[Data below]

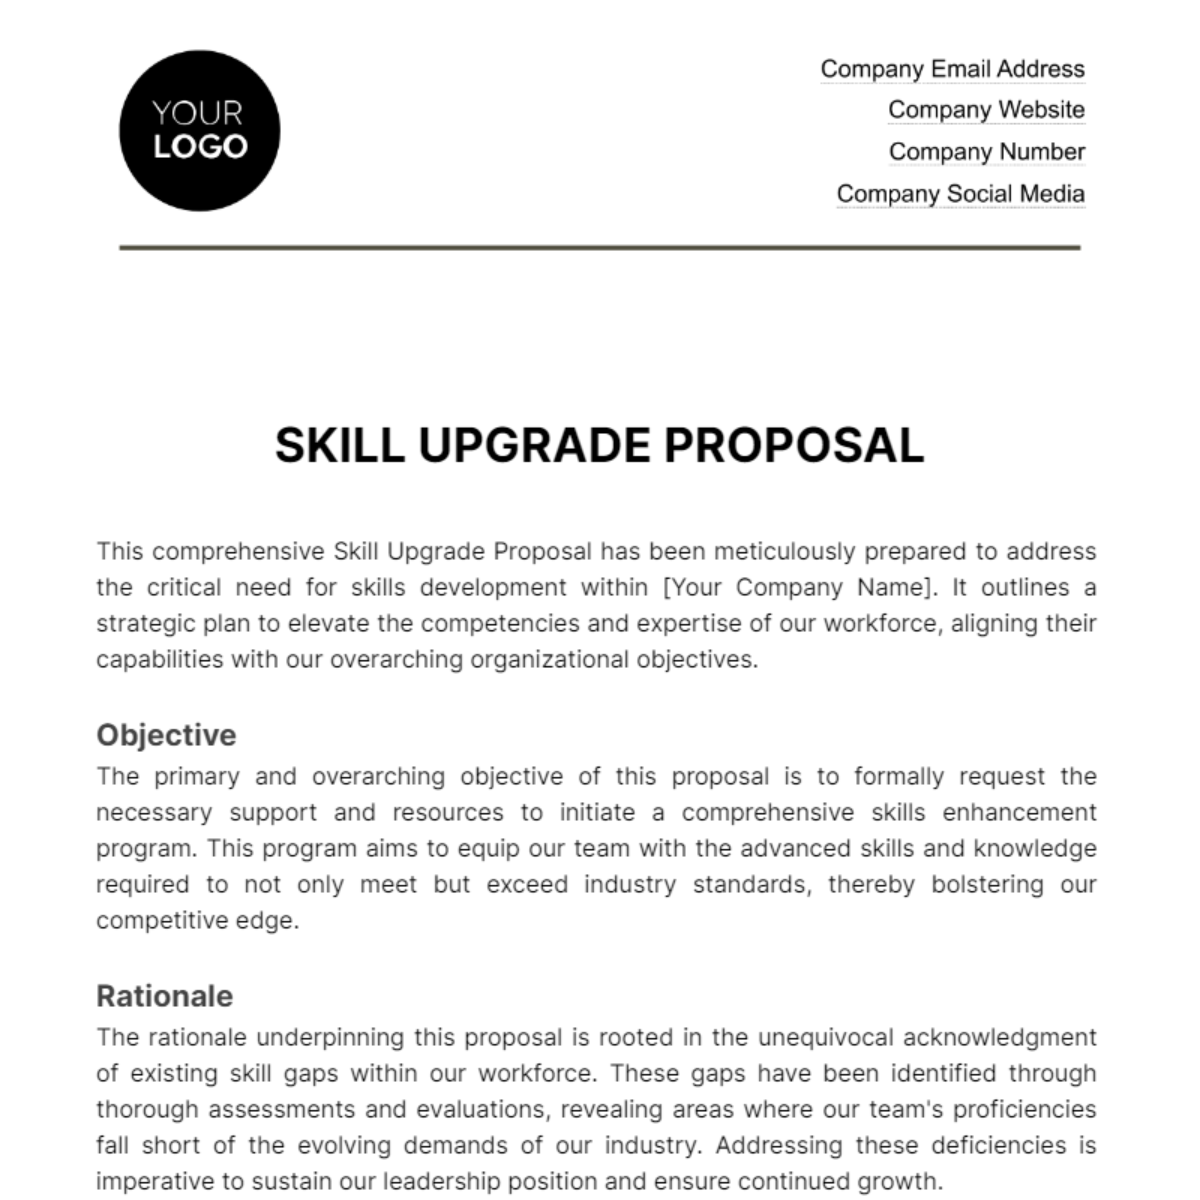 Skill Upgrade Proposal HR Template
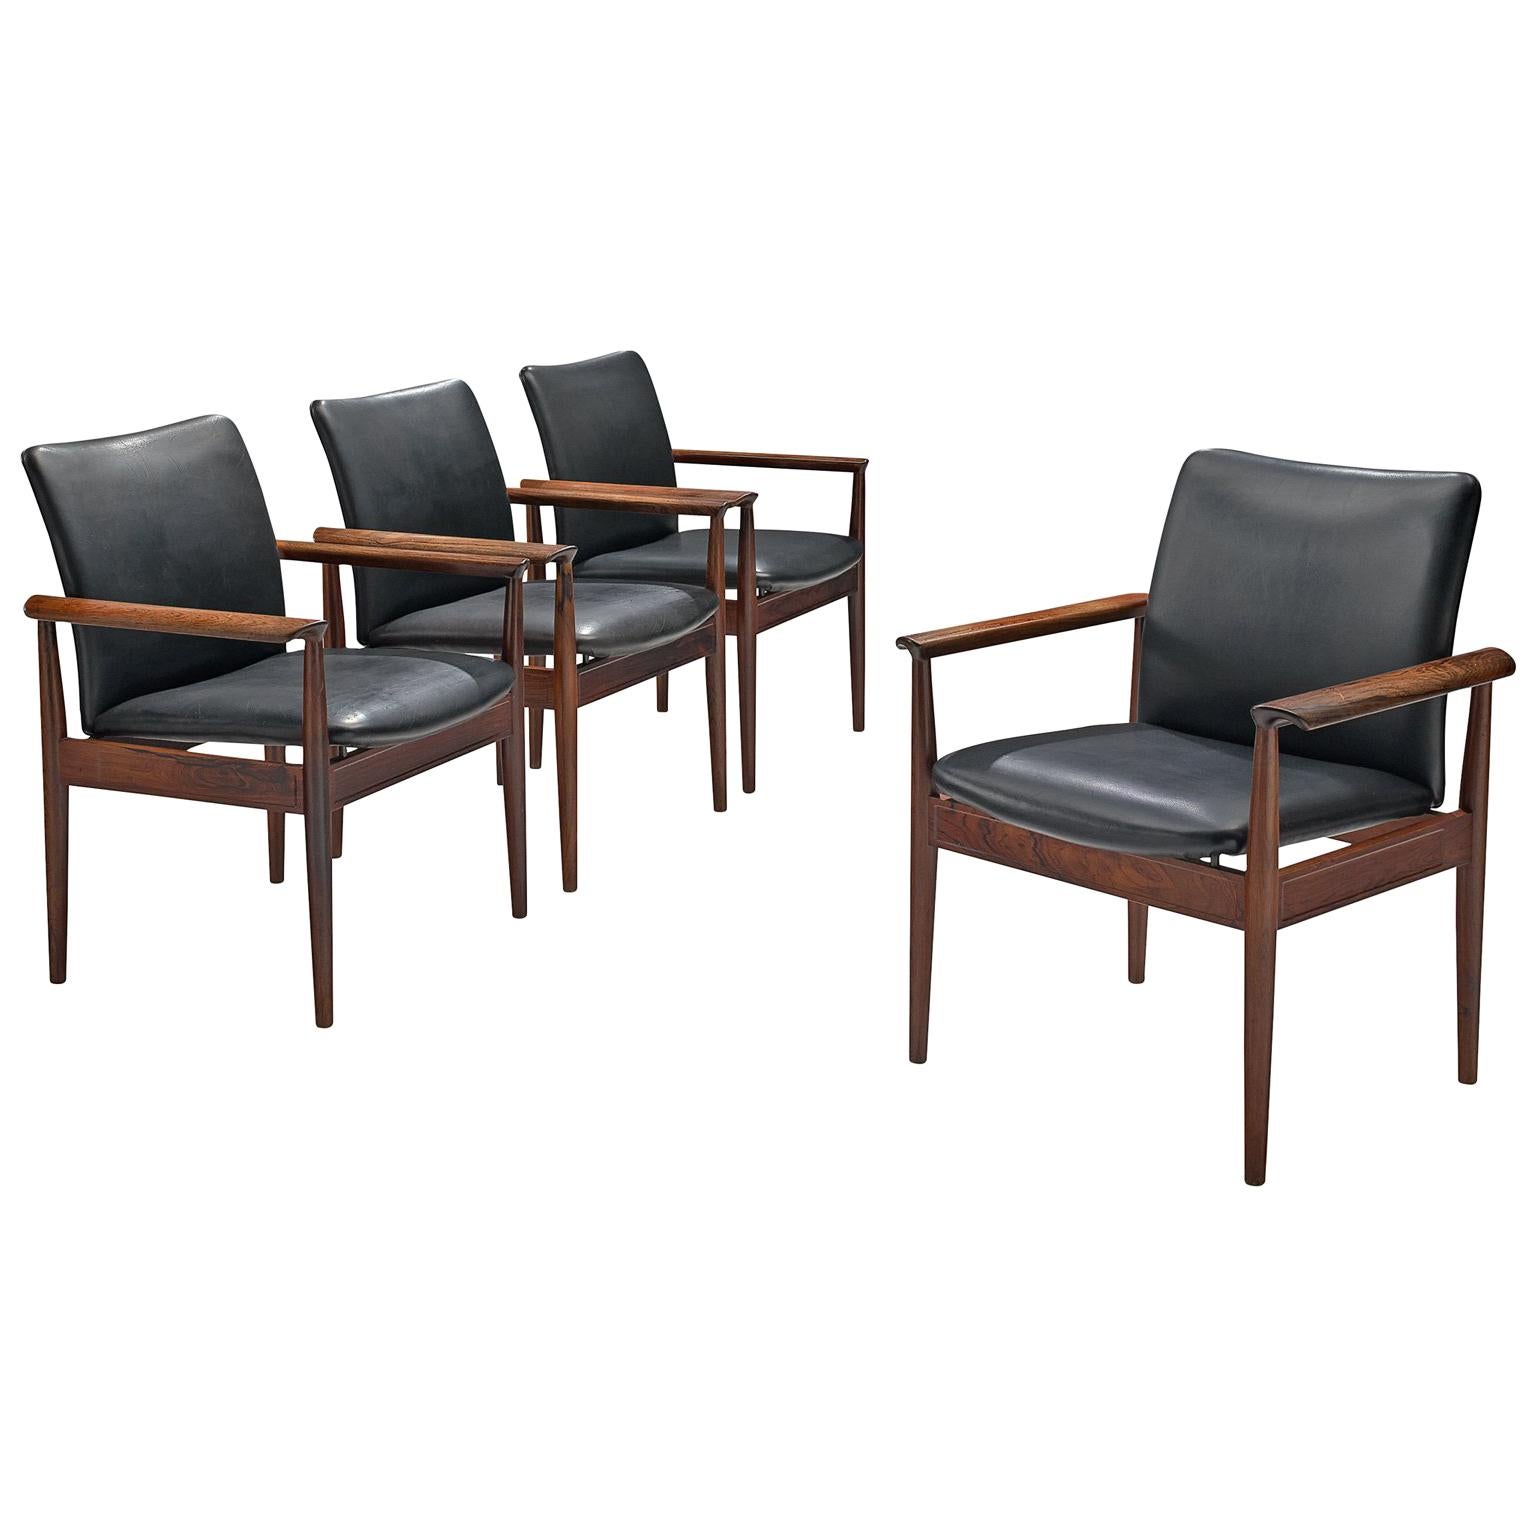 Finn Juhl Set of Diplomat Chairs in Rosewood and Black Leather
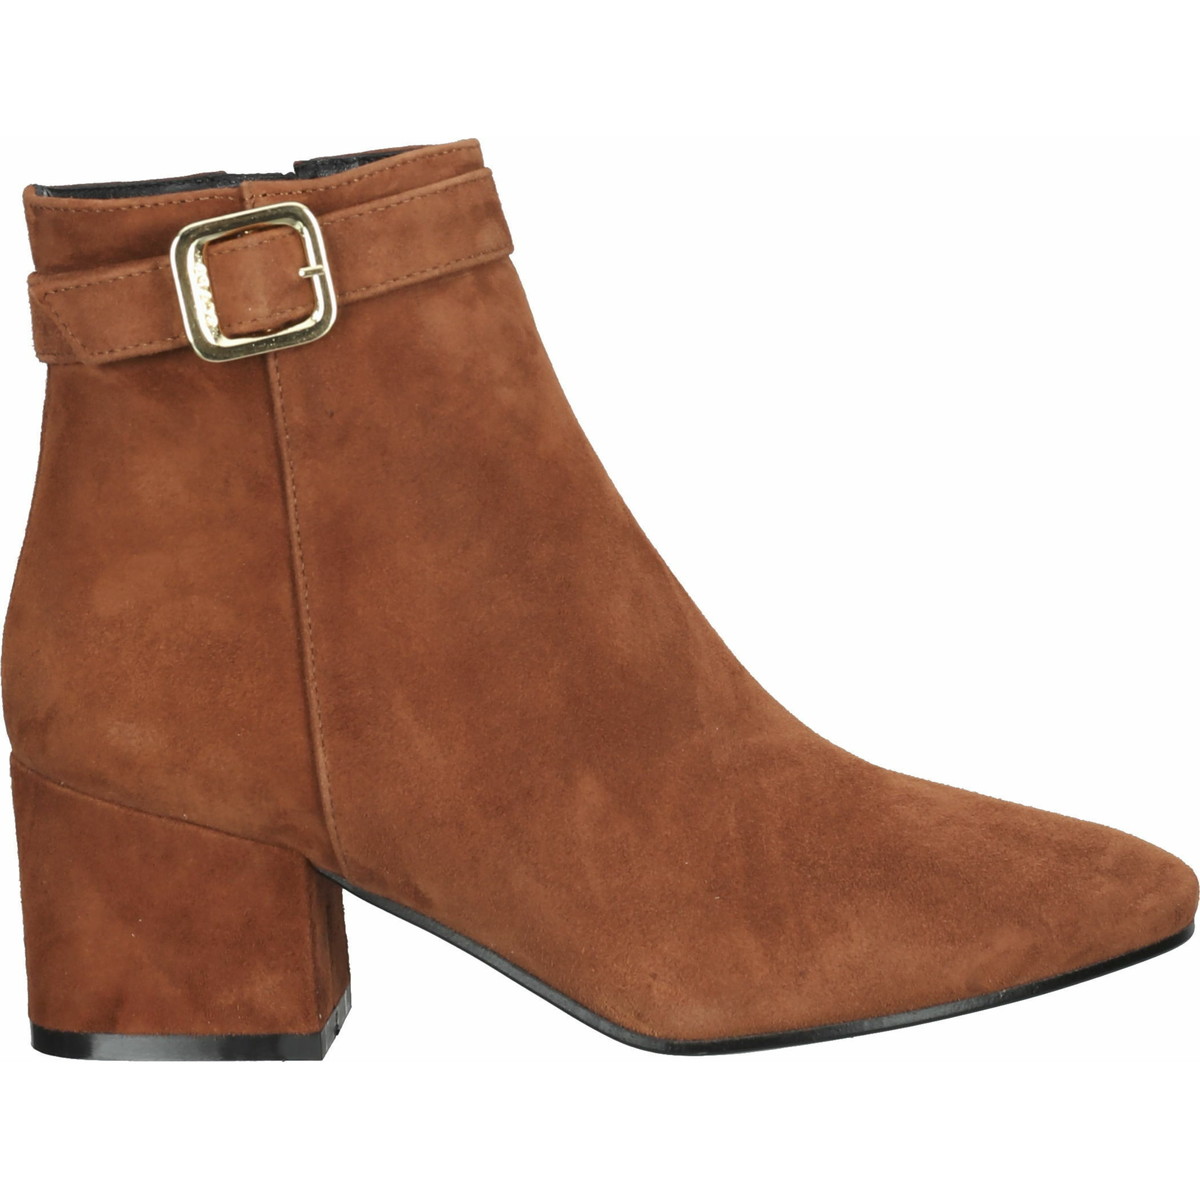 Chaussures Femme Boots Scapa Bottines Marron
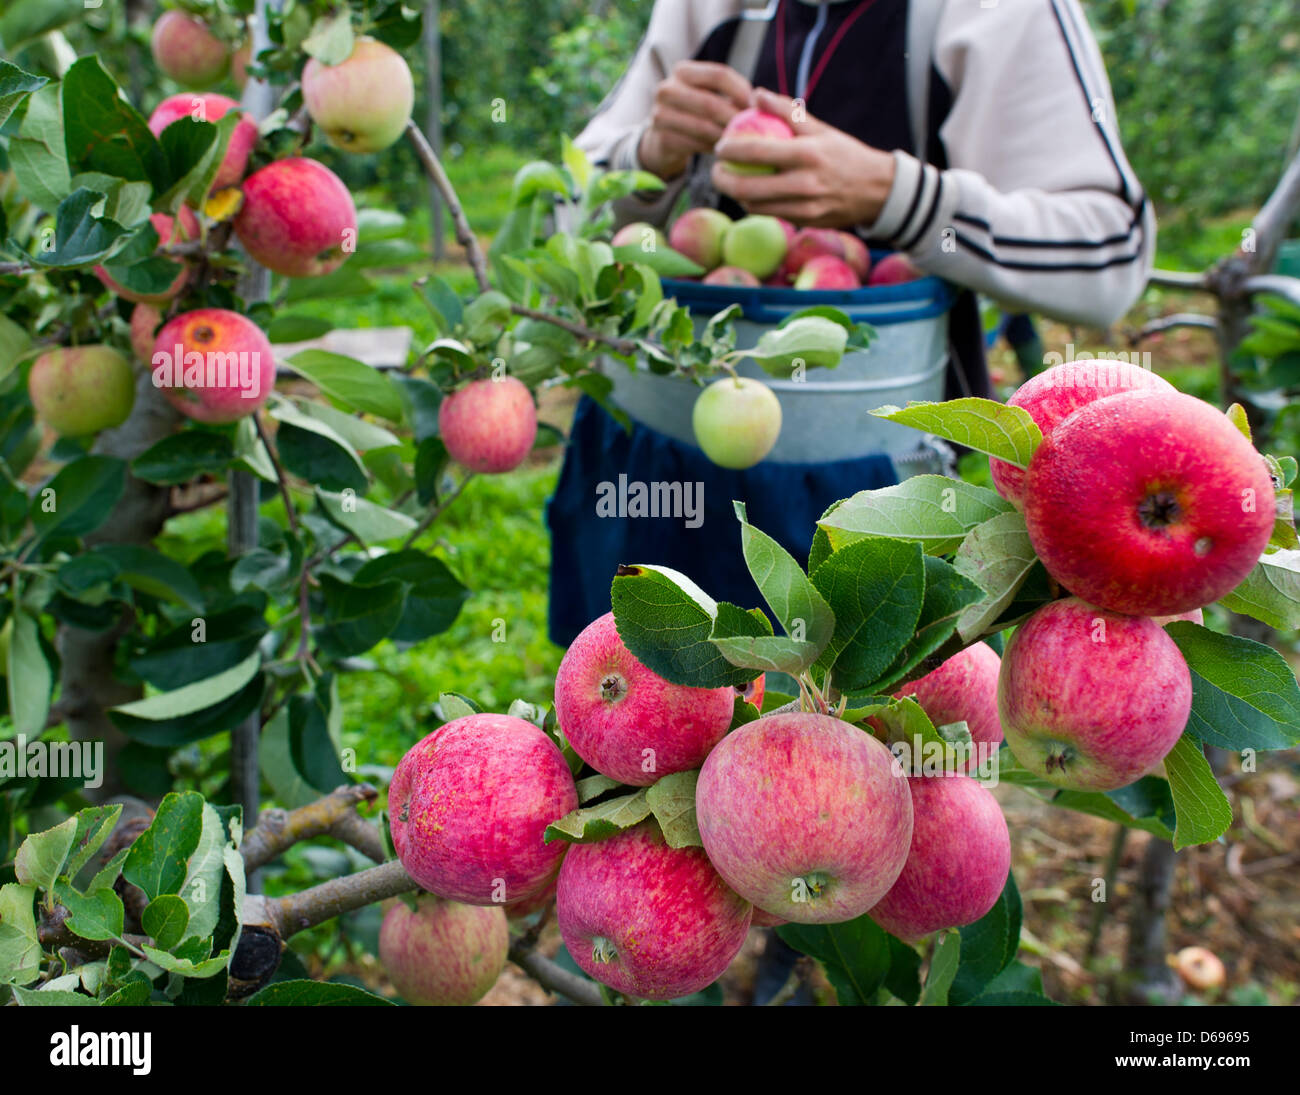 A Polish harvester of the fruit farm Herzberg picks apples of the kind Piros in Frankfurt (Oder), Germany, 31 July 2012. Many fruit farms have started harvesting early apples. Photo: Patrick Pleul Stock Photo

[/Data below]

* [Problem details] Each line above that falls between the line with "Finn Juhl Set" and the line with "Chaussures Femme Boots Scapa Bottines Marron" should be printed exactly, together with those two lines, but the pictures should not.

* [Solution to this task]
 Finn Juhl Set of Diplomat Chairs in Rosewood and Black Leather
 Chaussures Femme Boots Scapa Bottines Marron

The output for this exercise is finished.